The operational carbon emissions of the world’s tech giants jumped by an average of 150 per cent between 2020 and 2023, a new report from the United Nations’ International Telecommunication Union has estimated.
This spike is being directly driven by the voracious appetite for energy from the growing artificial intelligence (AI) industry and rapidly growing data center use.
The report notes that companies including Amazon, Microsoft, Meta (Facebook and Instagram’s parent company) and Alphabet (Google’s parent company) have seen their emissions explode.
By far the biggest rise was that of Amazon, whose operational emissions soared 182% over the three-year period — significantly more than at Microsoft (155%), Meta (145%) and Alphabet (138%). This includes direct emissions from company-owned sources and emissions attributed to the production of purchased energy.
At its heart, the challenge is that AI research and implementations need Brazilian-sized data centers, especially for large language models and generative AI. It requires gargantuan data centers that are burning electricity at a nightmarish pace.
On an annual basis, data center power consumption has increased by 12% every year from 2017, to 415 terawatt-hours (TWh), or 1.5% of the global power demand by the end of 2023. Estimates put that figure at a potential 945 TWh by 2030, almost double Japan’s total annual electricity use.

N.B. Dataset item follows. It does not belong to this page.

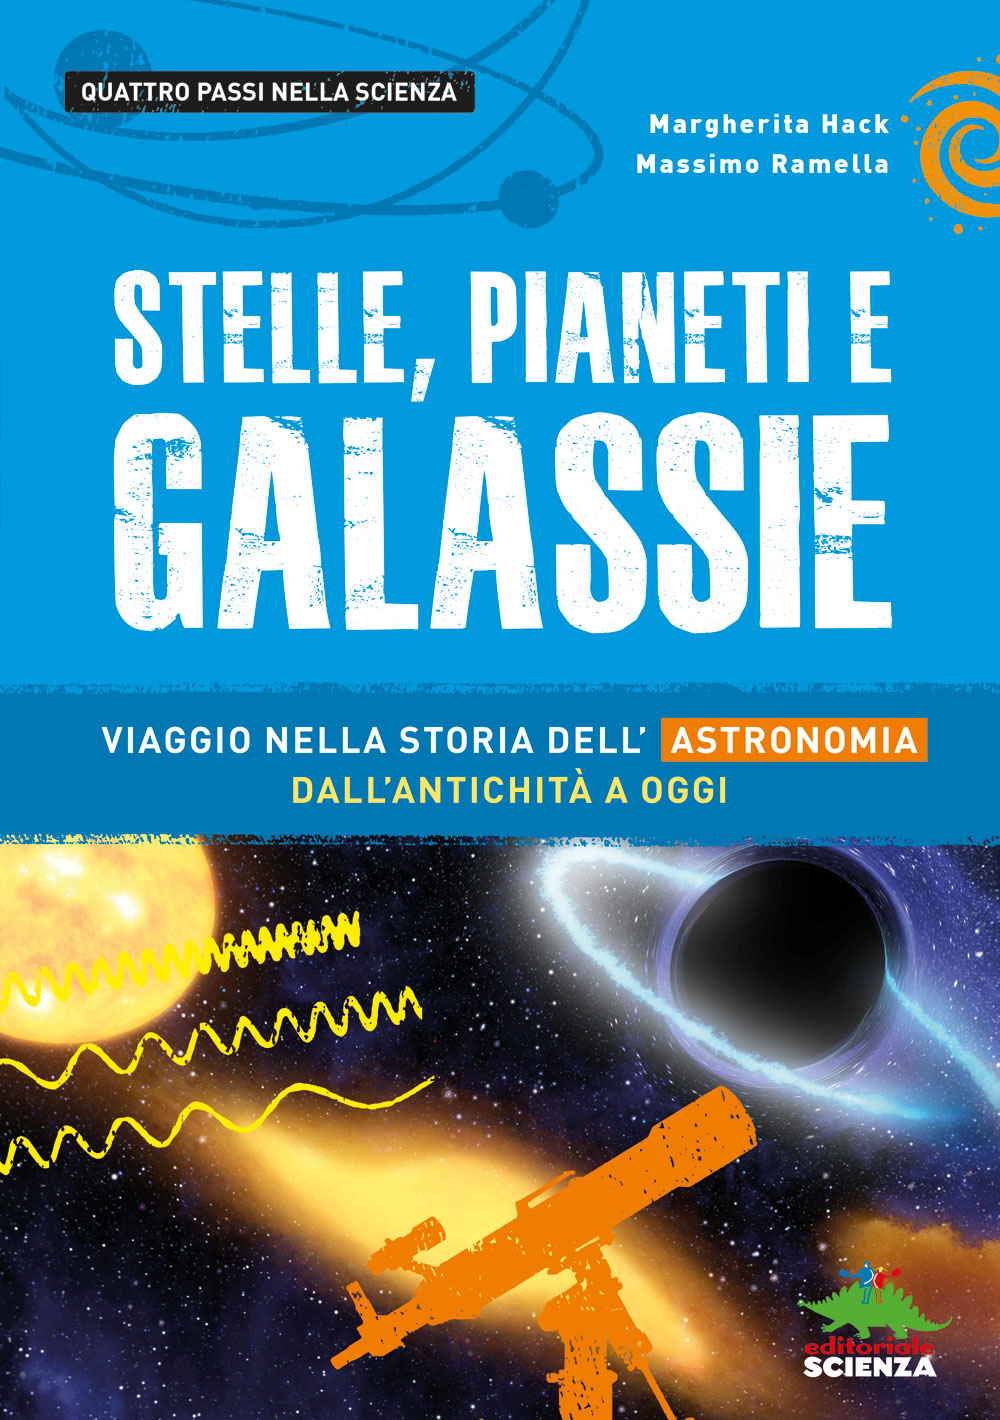 Stelle, pianeti e galassie::Viaggio nella storia dell'astronomia dall'antichità a oggi

“Digital technologies rolled out at scale across the world have the potential to significantly reduce global emissions and the world’s overall energy usage,” said Doreen Bogdan-Martin, head of the ITU. The agency cautions that if unchecked, emissions from top-emitting AI systems could exceed 102.6 million tonnes of carbon dioxide equivalent per year.
On top of that, the report notes there is very limited standardized reporting requirements for AI-specific emissions or energy consumption, making it challenging to fully understand the environmental impact of the technology. Although many tech giants have promised to use renewable energy, the enormous energy appetite of AI is moving faster than the shift to clean power.
The results highlight a pressing need for international standards and regulatory parameters that enforce responsible artificial intelligence (AI) development and increase transparency in emissions reporting, guiding the tech industry toward a more sustainable future.